- **Task directions**: Look through the entries below for the line with "Headstone in Presteigne Cemetery" and the line with "Juventus F.C. (1921)", then give again exactly those two lines and all lines between them, minus the pictures.

- **Records supplied**:
= = = = =
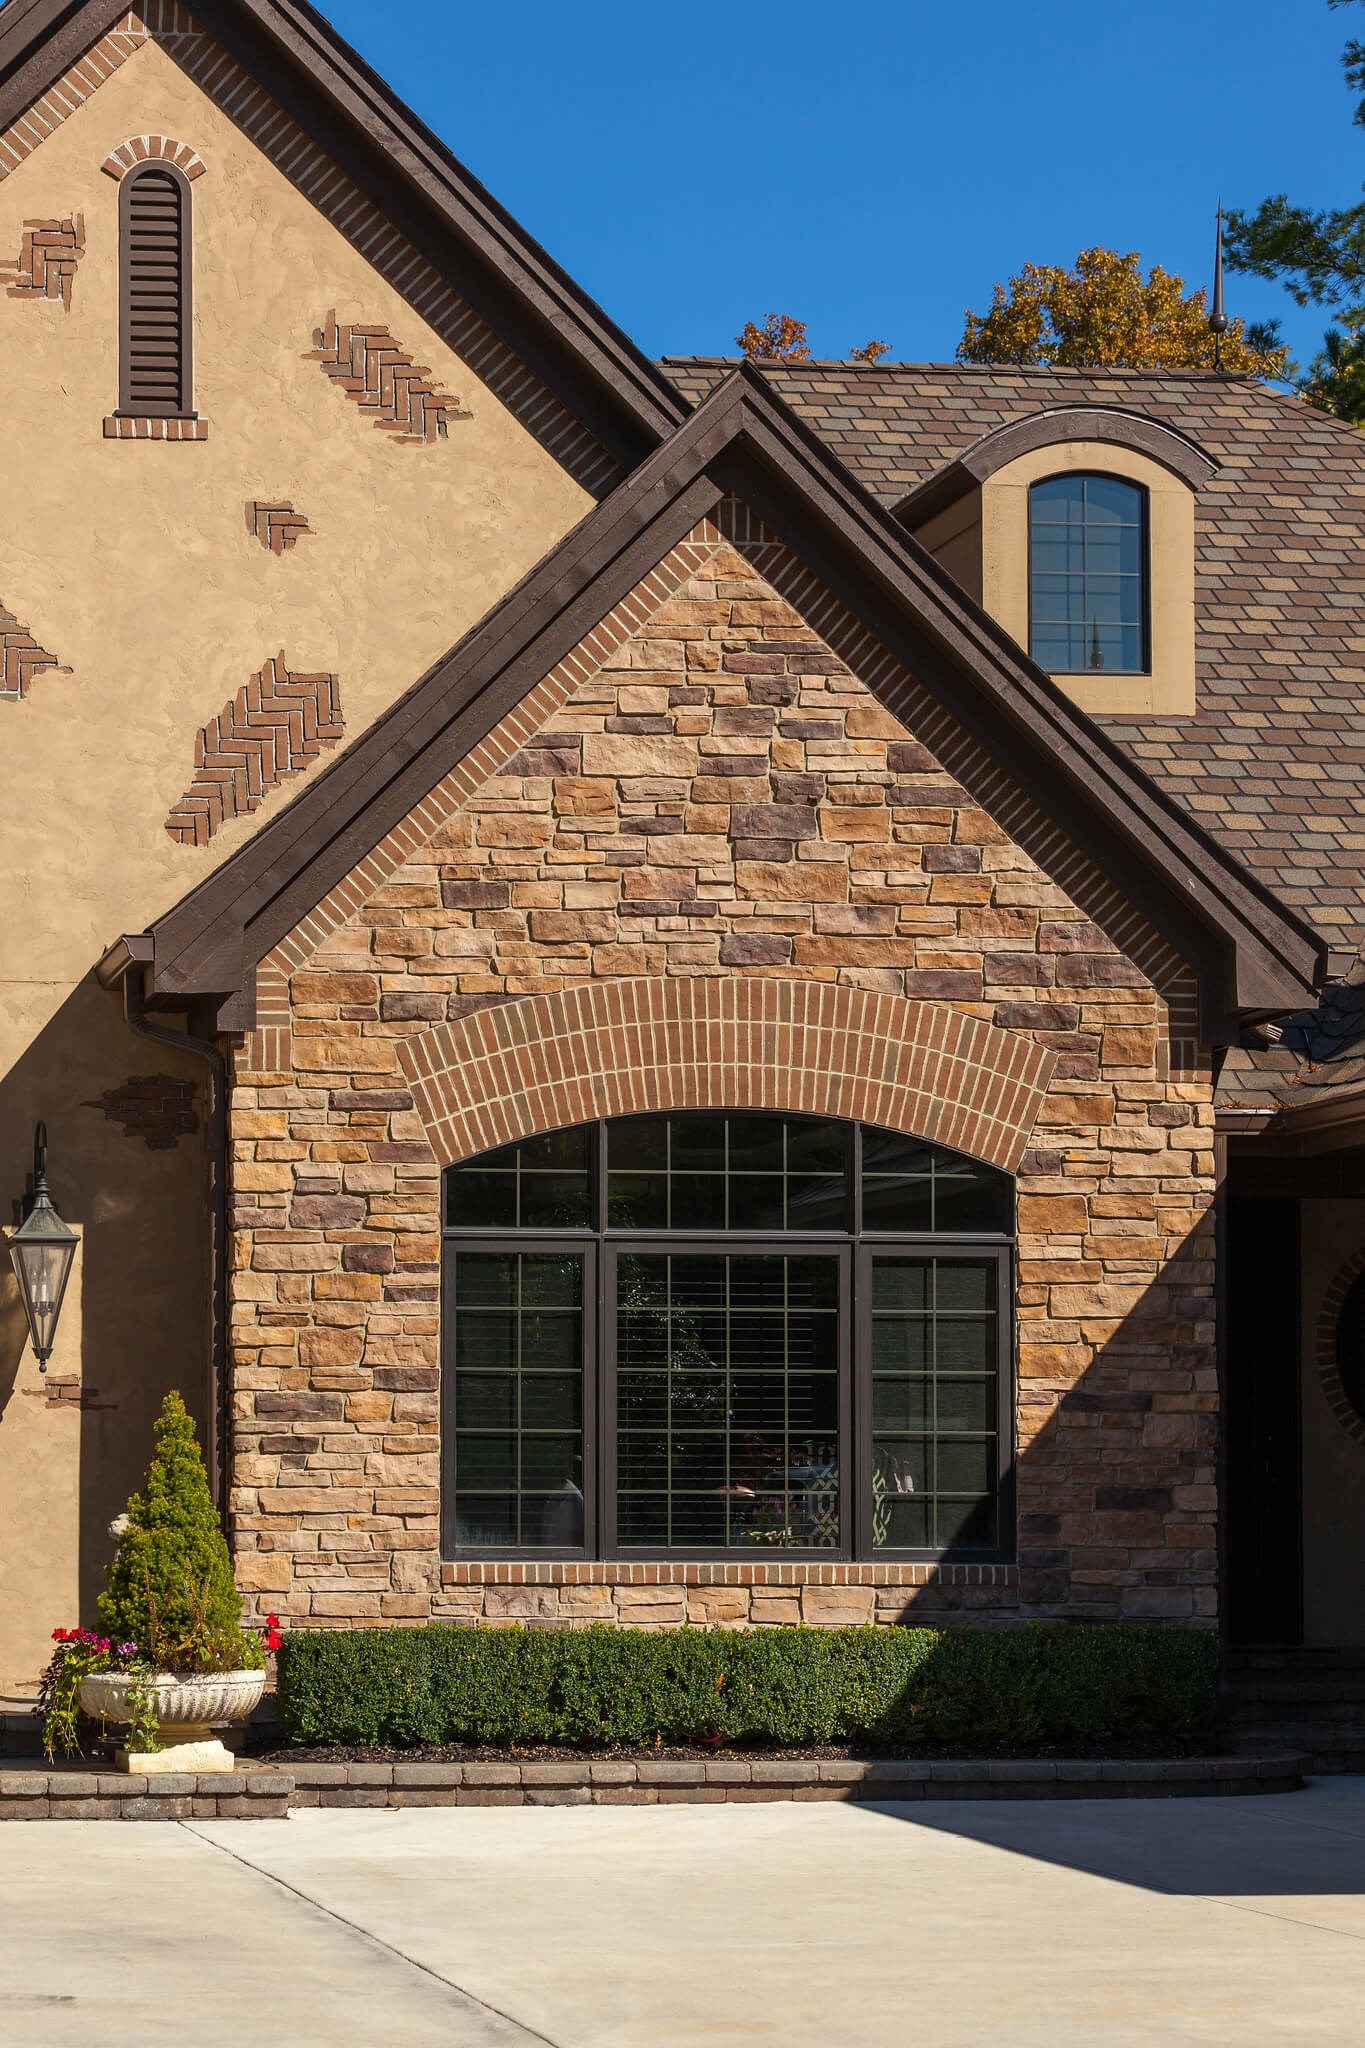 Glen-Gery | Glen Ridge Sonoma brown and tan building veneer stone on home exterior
= = = = =
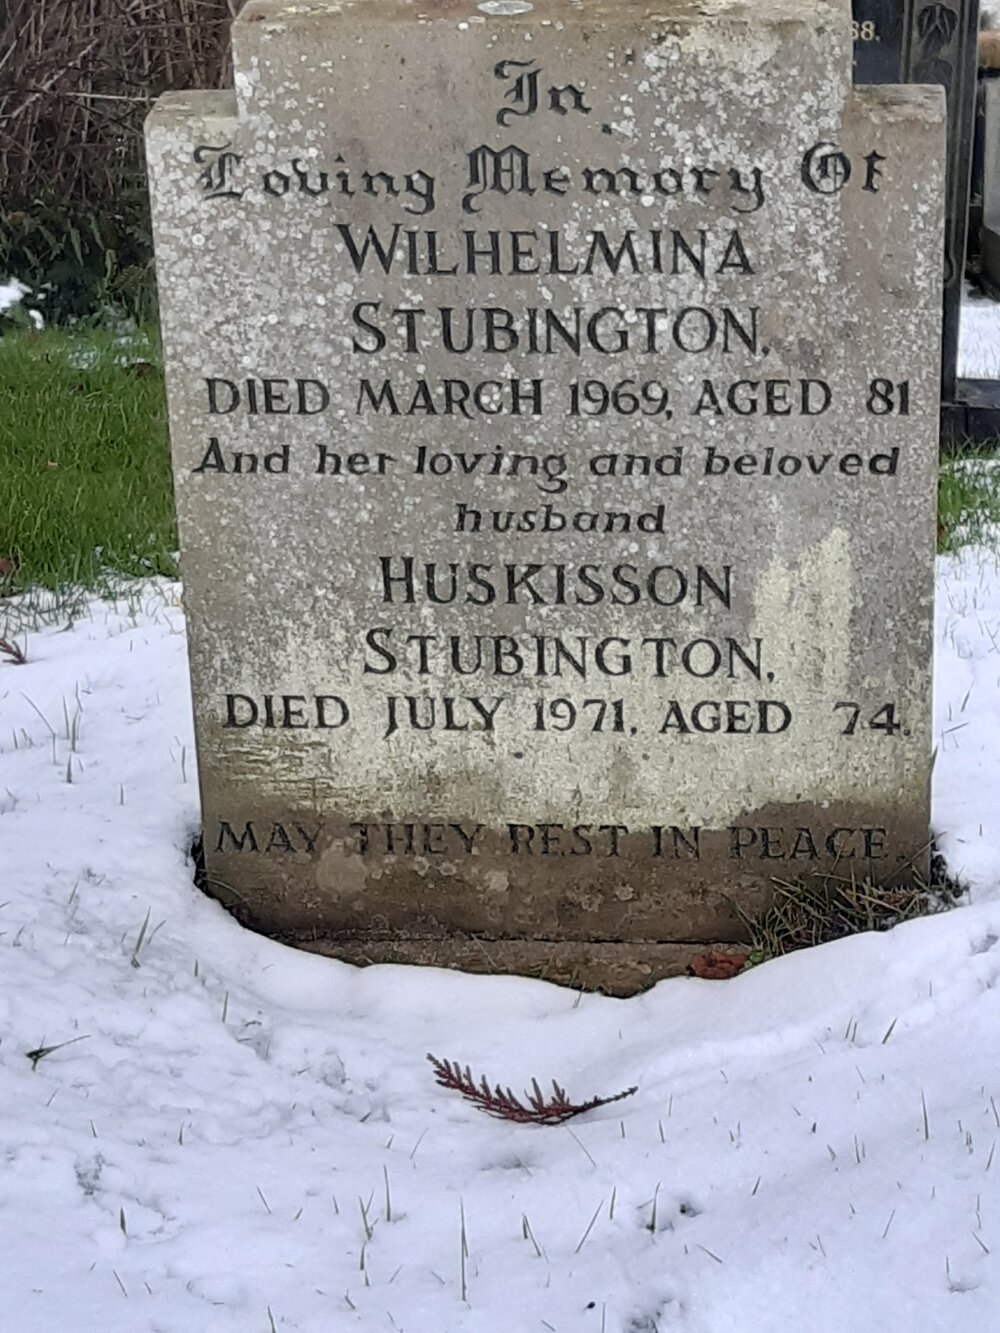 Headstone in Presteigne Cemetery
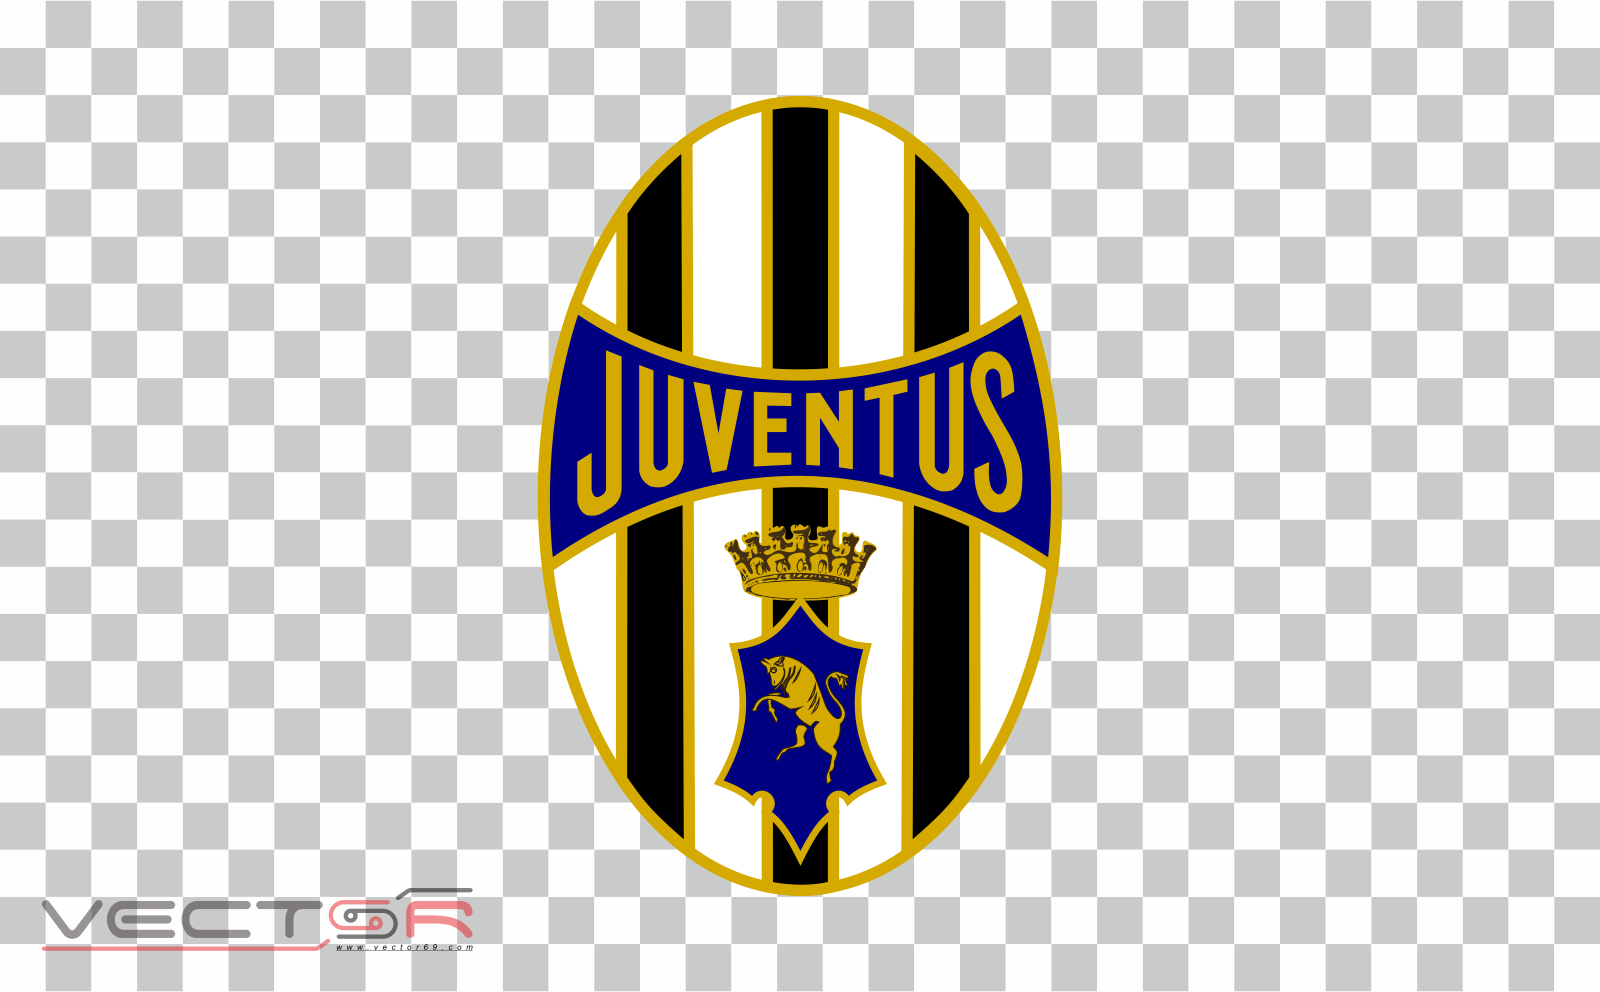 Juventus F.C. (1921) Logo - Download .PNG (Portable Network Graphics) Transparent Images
= = = = =
- **Task answer**:
 Headstone in Presteigne Cemetery
 Juventus F.C. (1921) Logo - Download .PNG (Portable Network Graphics) Transparent Images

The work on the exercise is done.